The combustion of fuel in a furnace causes the walls of the furnace to become hot, which means that the molecules of the substance forming the walls are thrown into violent agitation. If the walls are what are called “good conductors” of heat, they will transmit the agitation through them to any surrounding substance. In the case of the ordinary house stove, this is the air, which itself is agitated, or grows warm. A steam boiler has furnace walls surrounded by water, and its function is to transmit molecular movement (heat, or energy) through the furnace plates to the water until the point is reached when steam is generated. At atmospheric pressure—that is, if not confined in any way—steam would fill 1,610 times the space that its molecules occupied in their watery formation. If we seal up the boiler so that no escape is possible for the steam molecules, their motion becomes more and more rapid, and pressure is developed by their beating on the walls of the boiler.

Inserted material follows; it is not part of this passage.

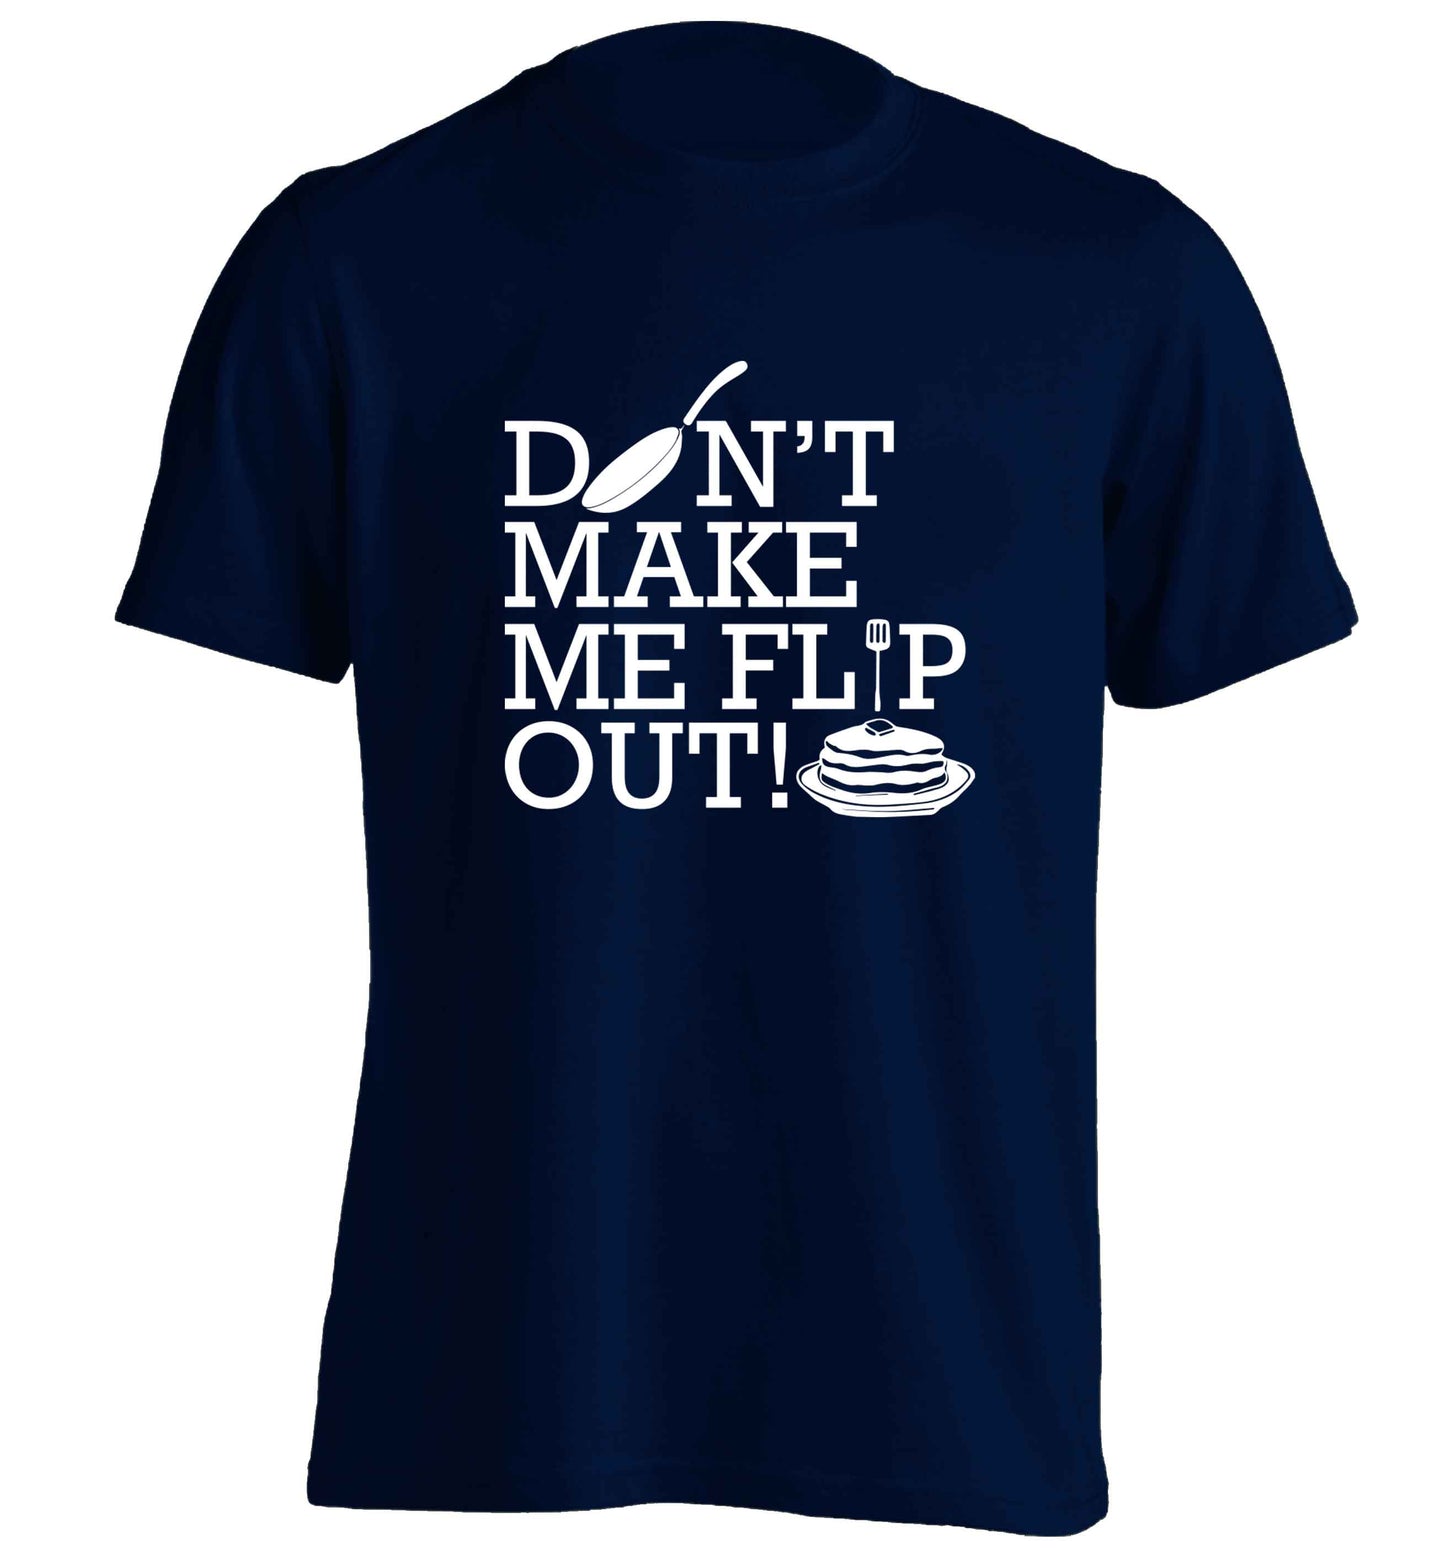 Don't make me flip out adults unisex navy Tshirt 2XL
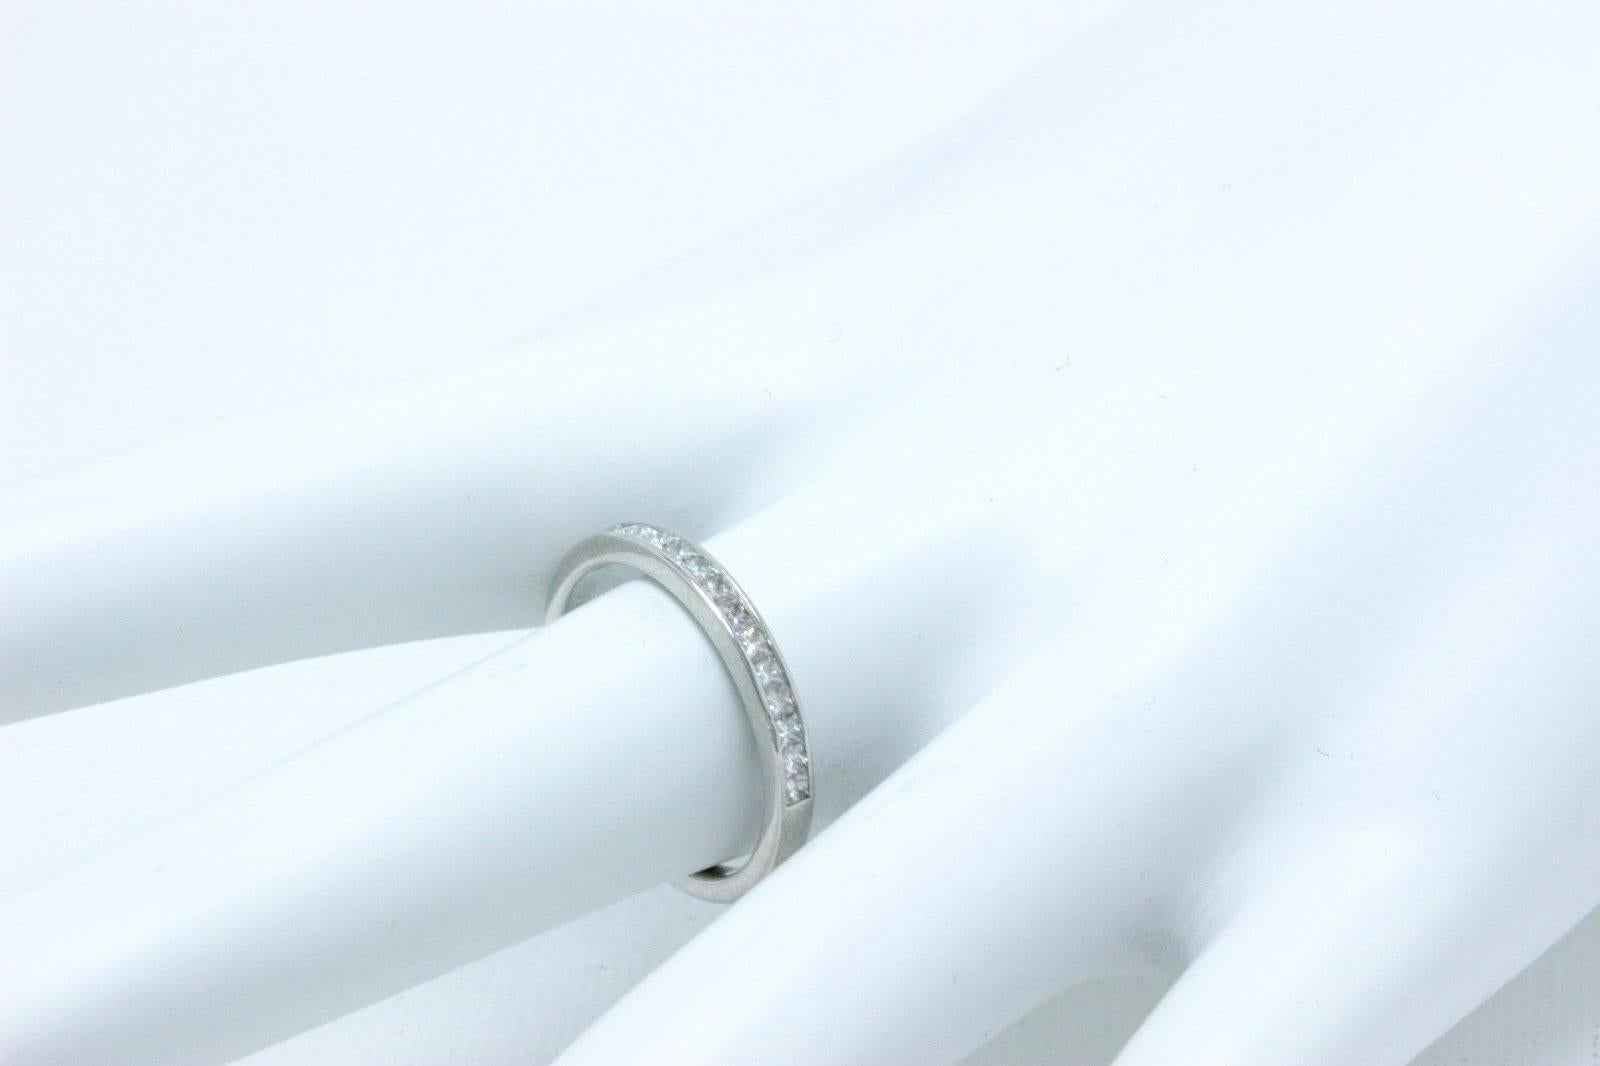 Tiffany & Co. Square Cut Diamond Wedding Band Ring in Platinum 0.39 tcw 2.6 MM In Excellent Condition For Sale In San Diego, CA

There is theoretically no limit to which the pressure may be raised, provided that sufficient fuel-combustion energy is transmitted to the vaporizing water.

To raise steam in large quantities we must employ a fuel that develops great heat in proportion to its weight, is readily procured, and is cheap. Coal fulfills all these conditions. Of the 800 million tons mined annually throughout the world, 400 million tons are burnt in the furnaces of steam boilers.